A few days ago an Apple patent appeared in which the use of Cache DRAM in one of its future processors was mentioned, a concept that although it may seem exotic is not, so we are going to demystify it.
DRAM memory as a cache, a contradiction
All current RAM memories that are used outside a processor are of the DRAM or Dynamic RAM type, while the memories that are used inside the processors are Static RAM or SRAM. Both work in practically the same way in terms of how to access data, but where they are not the same is in the way they store a bit of memory.
DRAM memory is much cheaper, but by its nature it requires constant refreshment, and its access speed is slower than SRAM, so it is not generally used within processors. On the other hand, it scales in a worse way than DRAM, so even though IBM has been using DRAM memory as a last-level cache in its CPUs for high-performance computing, POWER, in its next generation they will use SRAM memory.
So the concept of cache, which is related to a memory of the SRAM type, together with the DRAM concept in principle do not match and although we have the case of IBM CPUs we are not going to talk about using DRAM memory as a cache within the processor .
DRAM cache and HBM memory as an example
Cache DRAM is the concept of adding an additional level in the memory hierarchy between the processor’s last-level cache and the main memory of the system, but built through a DRAM memory with a higher access speed and less latency than the DRAM used as main memory.
One way to achieve this is by using HBM-type memory as a DRAM cache, which is a type of DRAM memory in which different memory chips are stacked and connected vertically using a type of cabling called TSV or through-paths. silicon by the fact that they pass through the chips. This type of connection is also used for the construction of 3D-NAND memory.

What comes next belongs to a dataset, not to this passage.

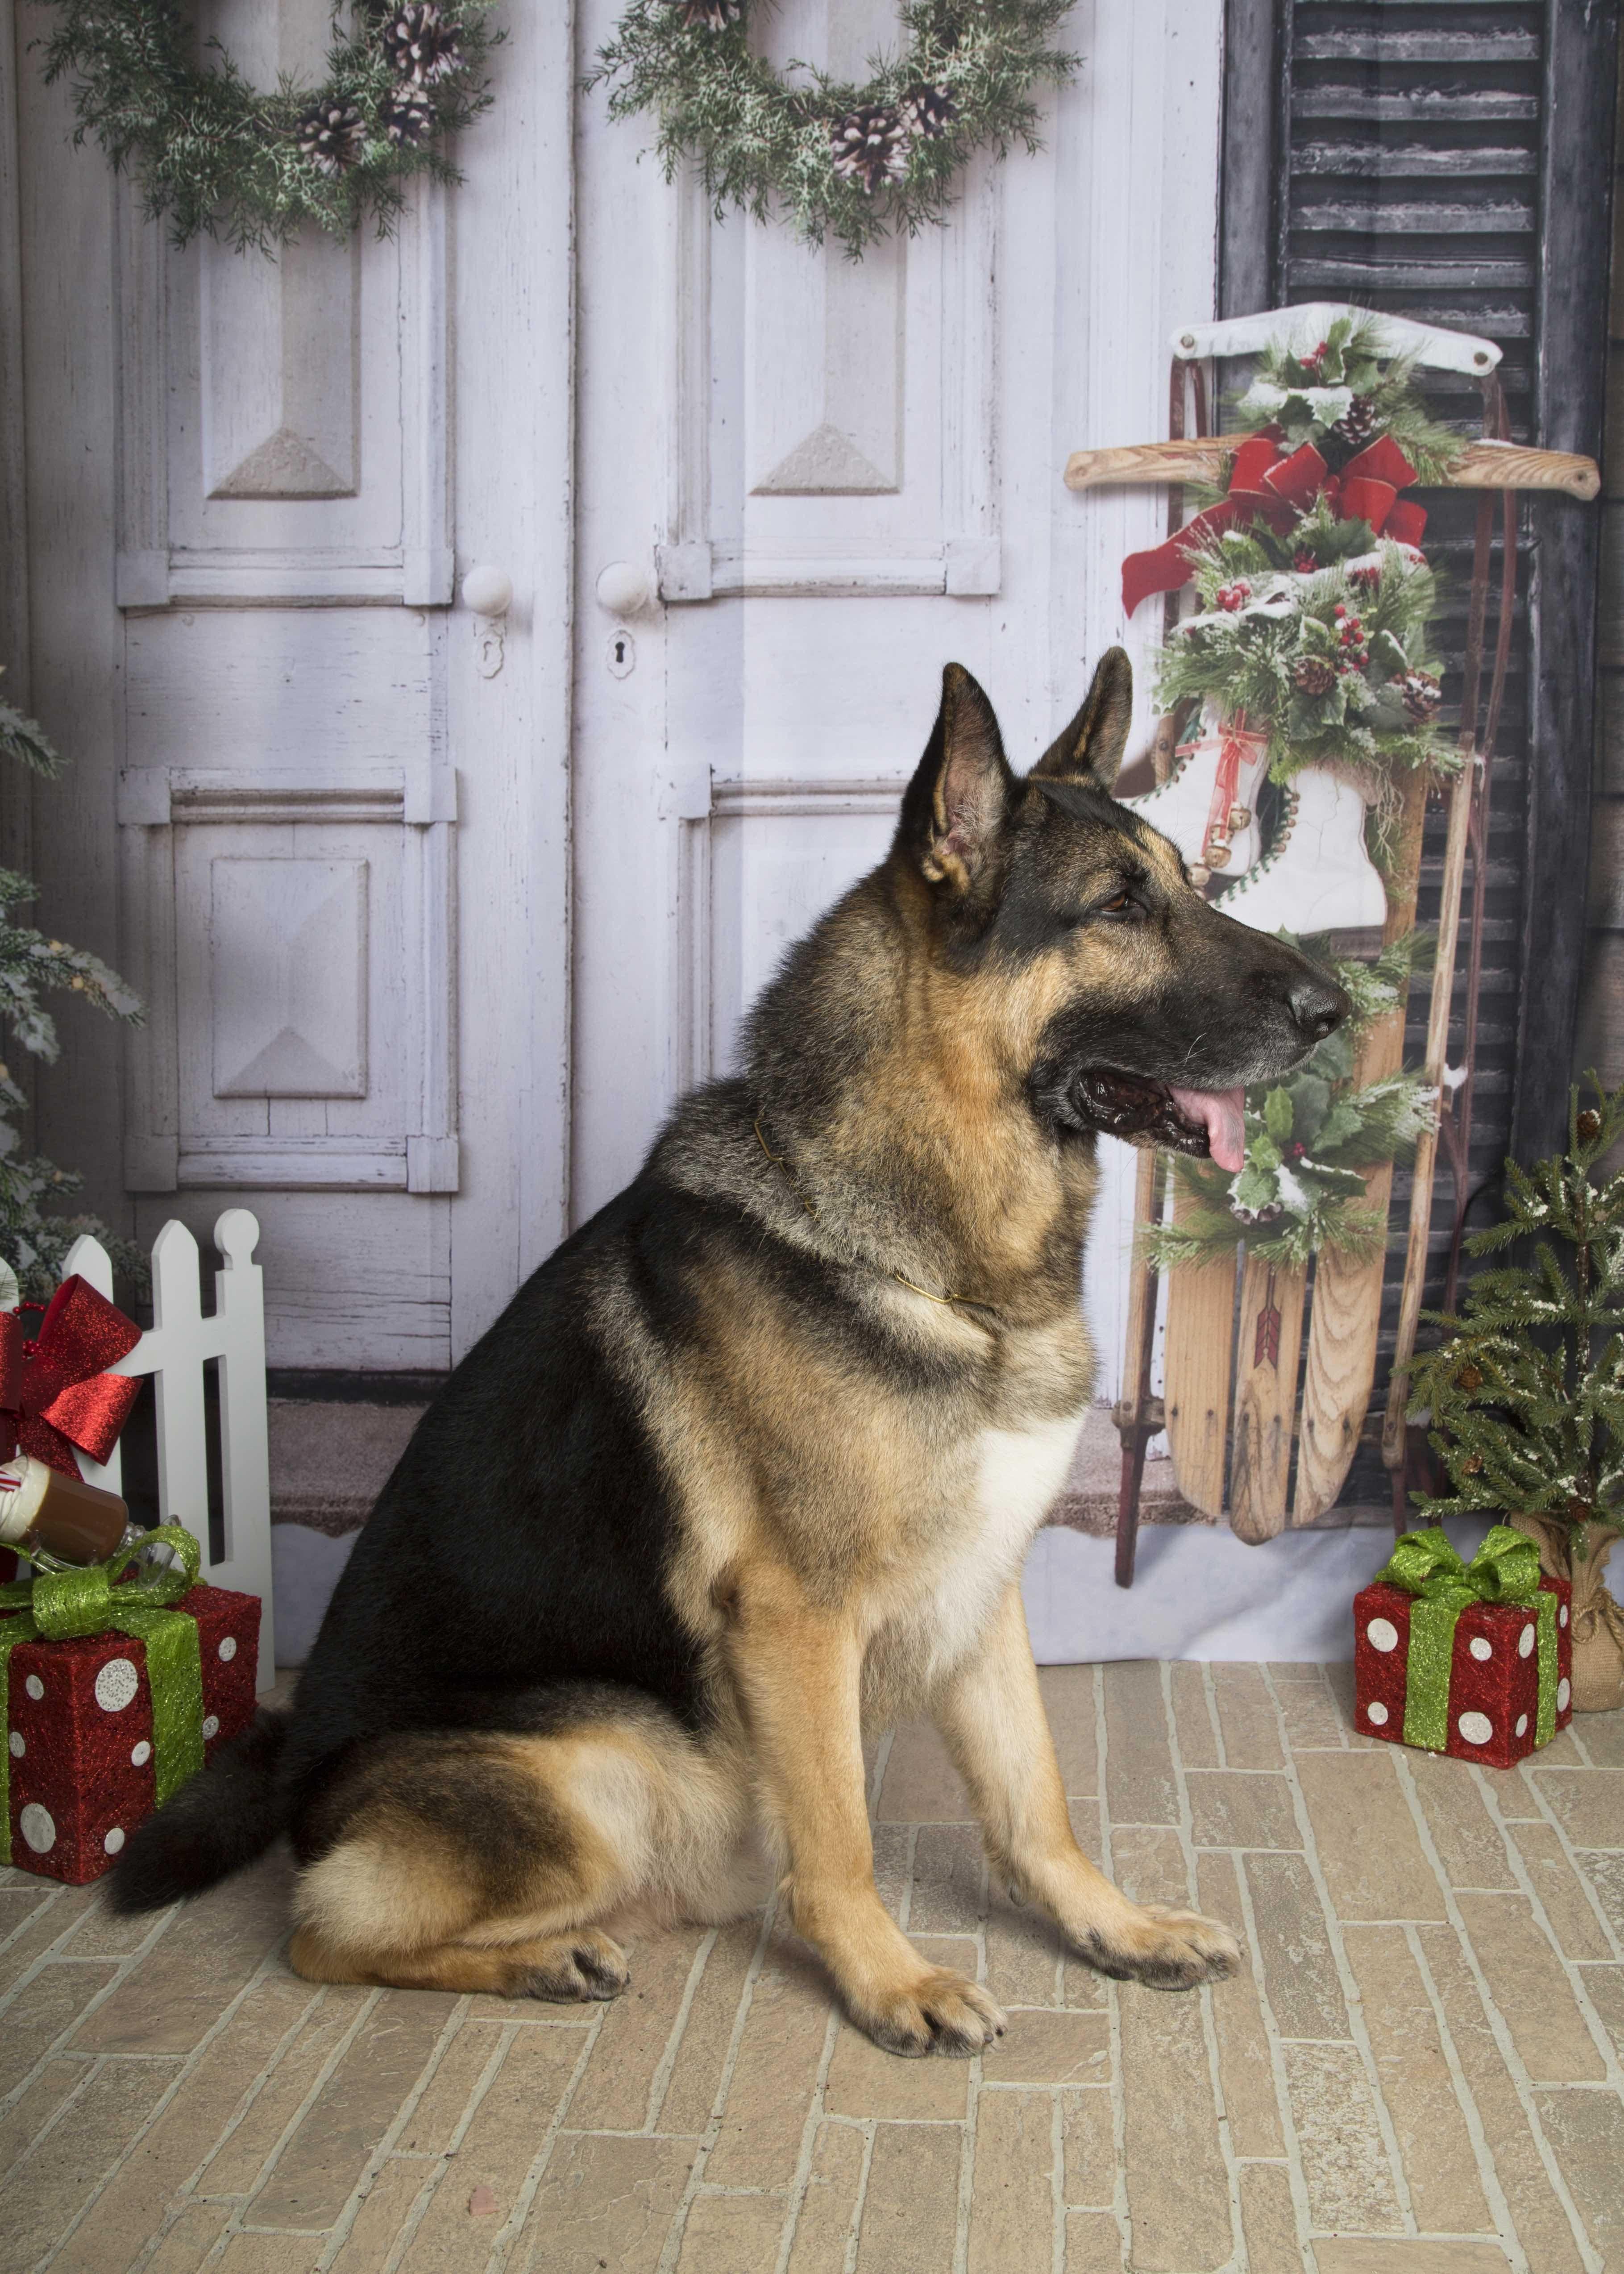 Pin By L Bank On German Shepherd German Shepherd Dogs Christmas

Because the connection is vertical, an interposer is necessary, which is a piece of electronics in the form of a board that is responsible for communicating the processor and the HBM memory. Both the processor, whether CPU or GPU, are mounted on said interposer, which due to the short distance gives the HBM memory the ability to function as a type of DRAM memory with lower latency than the classic DDR and GDDR memories.
It has to be clarified that if the DRAM were closer to the processor, as a 3DIC configuration places it just above, then the latency level compared to HBM memory would be lower and therefore the access speed higher, due to the fact that electrons have to travel a shorter distance.
We have really used the HBM memory to give you an idea, but any type of memory in a 2.5DIC configuration works as an example.
But a standard interposer is not enough
The next problem is that a cache does not work in the same way as a RAM memory, since what the processor’s data search system does is not copy the instruction lines from RAM one by one, but rather the memory system. What cache does is copy the memory fragment where the current line of code is located in the last level of the cache.
The last level stores the cache of a processor is shared by all the cores, but as we get closer to the first level these are more private. It should be clarified that in descending order each cache level contains a fragment of the previous cache. When a processor searches for data, what it does is search for it in ascending order of the cache levels, where each level has more capacity than the previous one.
But, for HBM memory to behave like a cache, then we need the element that communicates the processor with said memory, the interposer, to have the necessary circuitry to behave like a cache memory. So a conventional interposer cannot be used and it is necessary to add additional circuitry in the interposer that allows the HBM memory to behave like an additional memory cache.